Problem statement: The lines to repeat are those below from the one containing "デザインフレックス ハードムース 300g" down to the one containing "Apple, Microsoft, HP", both included; reproduce them exactly and nothing else.

Given records:

....

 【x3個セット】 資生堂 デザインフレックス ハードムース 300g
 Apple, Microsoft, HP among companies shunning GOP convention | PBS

....

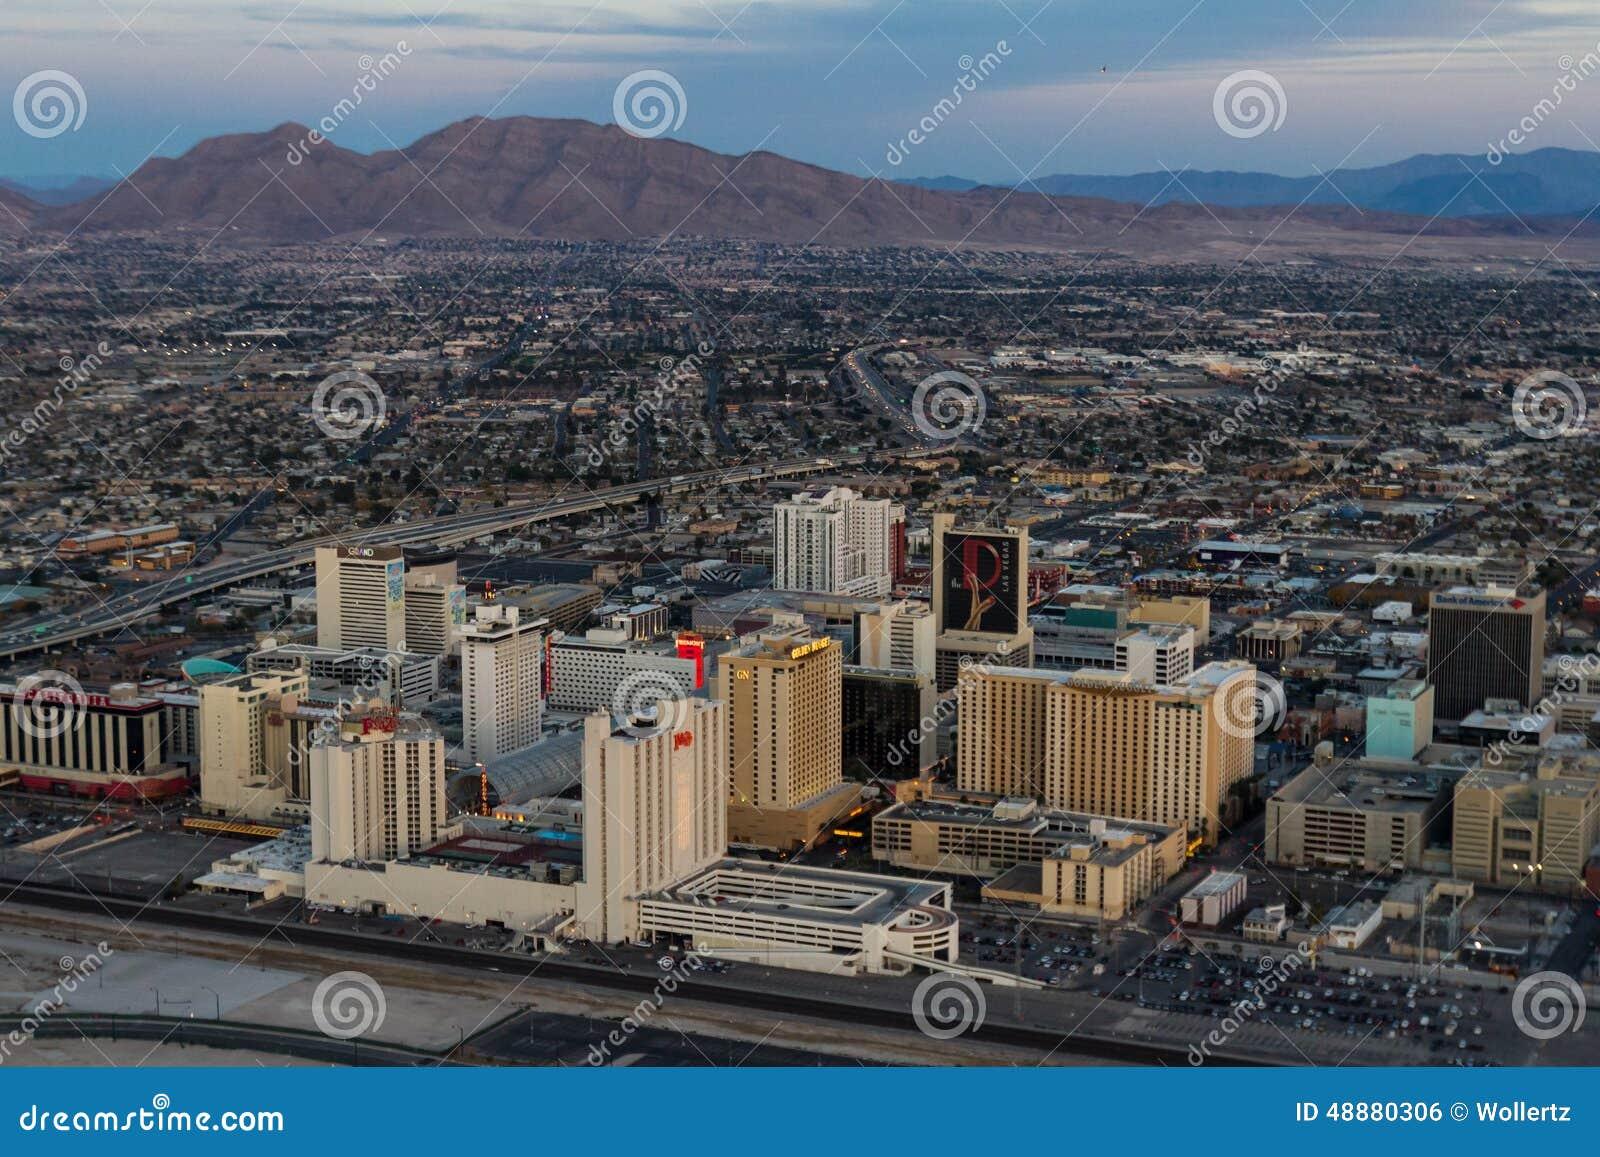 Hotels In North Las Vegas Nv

....

Your solution:
 【x3個セット】 資生堂 デザインフレックス ハードムース 300g
 Apple, Microsoft, HP among companies shunning GOP convention | PBS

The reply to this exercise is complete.